Résignation et espoir chez les partisans de Sonko après son limogeage

résignation et espoir chez les partisans de Sonko après son limogeage

Ali Bamba
Manifestation politique à Dakar

La révocation d’Ousmane Sonko du poste de Premier ministre a plongé Dakar dans un tourbillon de réactions contrastées. Entre ceux qui y voient une décision nécessaire et d’autres qui la perçoivent comme une trahison, la capitale sénégalaise reste sous le choc.

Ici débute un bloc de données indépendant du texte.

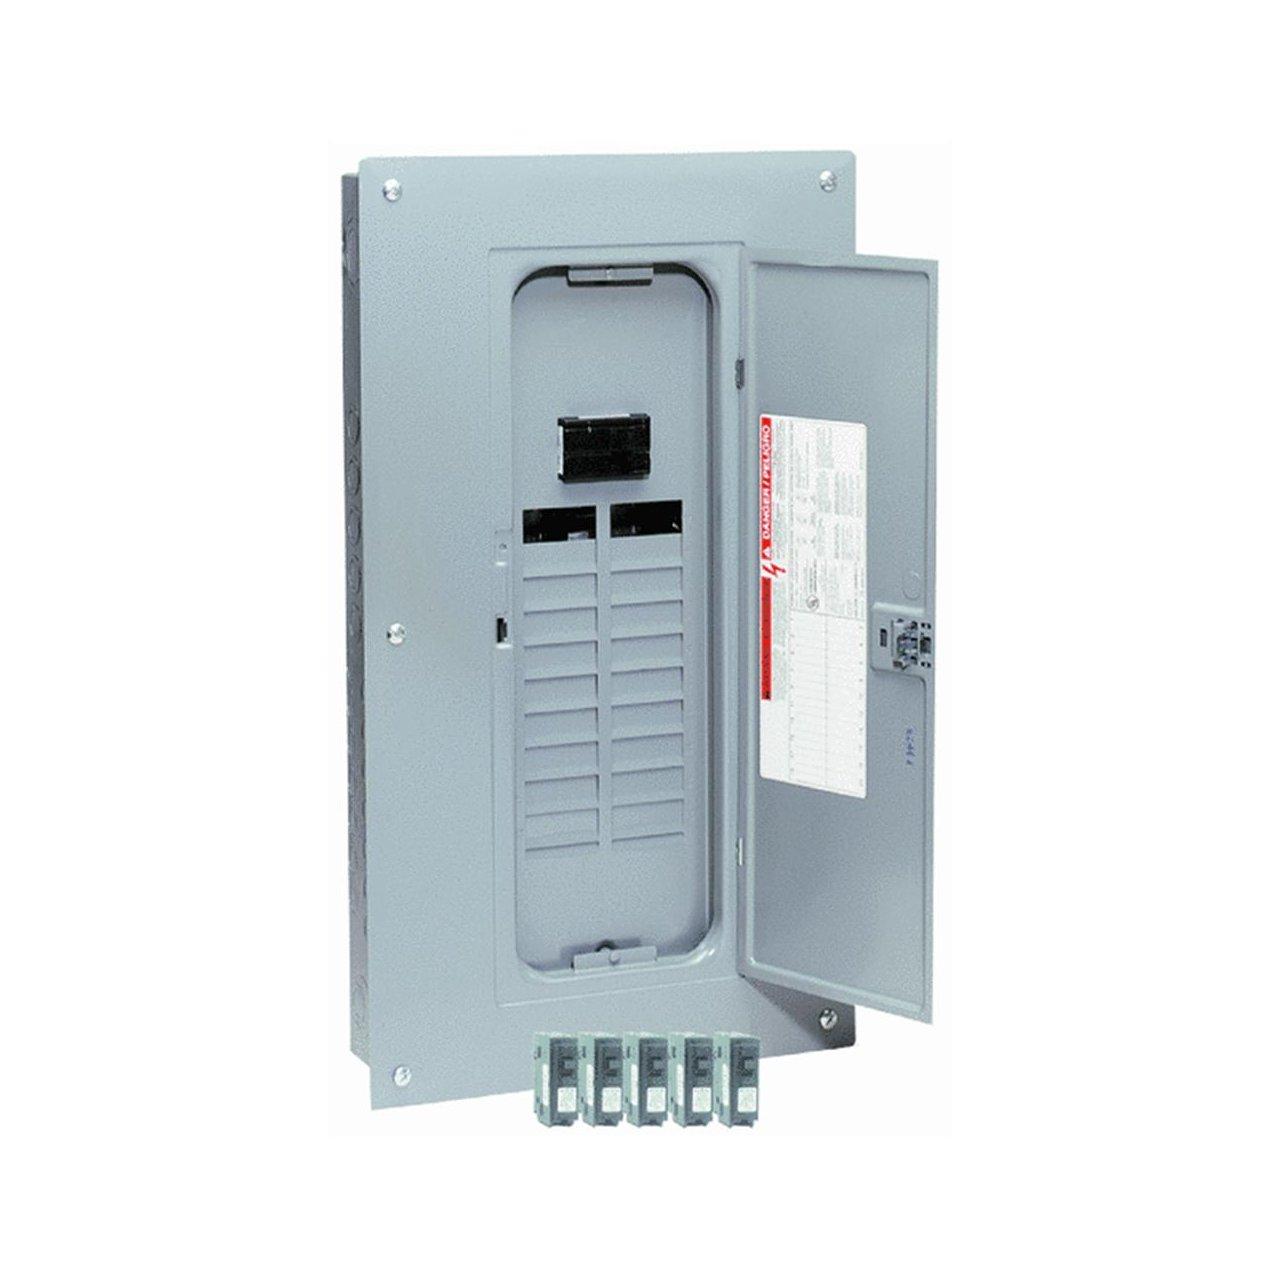 Square D Co. HOMVP5 Homeline Load Center Remodeler Pack - Hydraulic ...

« Enfin une décision qui s’imposait. Ousmane Sonko a marqué l’histoire du pays par son engagement. Ses partisans, dont moi, en sont plus que jamais fiers. Bassirou Diomaye Faye, en revanche, a montré des signes de faiblesse dans sa gouvernance », confie Ibrahima Dione, un habitant de Dakar engagé.

Le limogeage de Sonko et de son gouvernement a laissé le Pastef sans grande réaction publique, révélant une crise profonde au sommet de l’État. Pourtant, les promesses électorales de 2024, axées sur une rupture avec les anciennes pratiques, avaient suscité un engouement sans précédent chez la jeunesse.

« Cette décision est déstabilisante pour le pays. Nous avons besoin de stabilité, pas de querelles politiques. Le Sénégal mérite mieux que ces luttes de pouvoir », déclare Modou Diaw, un autre résident de Dakar.

Il faut rappeler que Bassirou Diomaye Faye doit son élection à la popularité de Sonko, qui avait galvanisé les foules. Pourtant, ses prises de position récentes auraient, selon plusieurs observateurs, irrité le président, accélérant ainsi sa chute.

« Le président a tout à fait le droit de nommer ou de révoquer. Si cela sert l’intérêt national, alors c’est une bonne chose. Le pays a besoin de cohésion, pas de divisions », estime Thierno Sow, un autre citoyen dakarois.

Le Pastef, vainqueur des législatives de mars 2024, avait promis une refonte totale du système politique et une lutte sans merci contre la corruption. Un mandat qui, pour beaucoup, reste à concrétiser.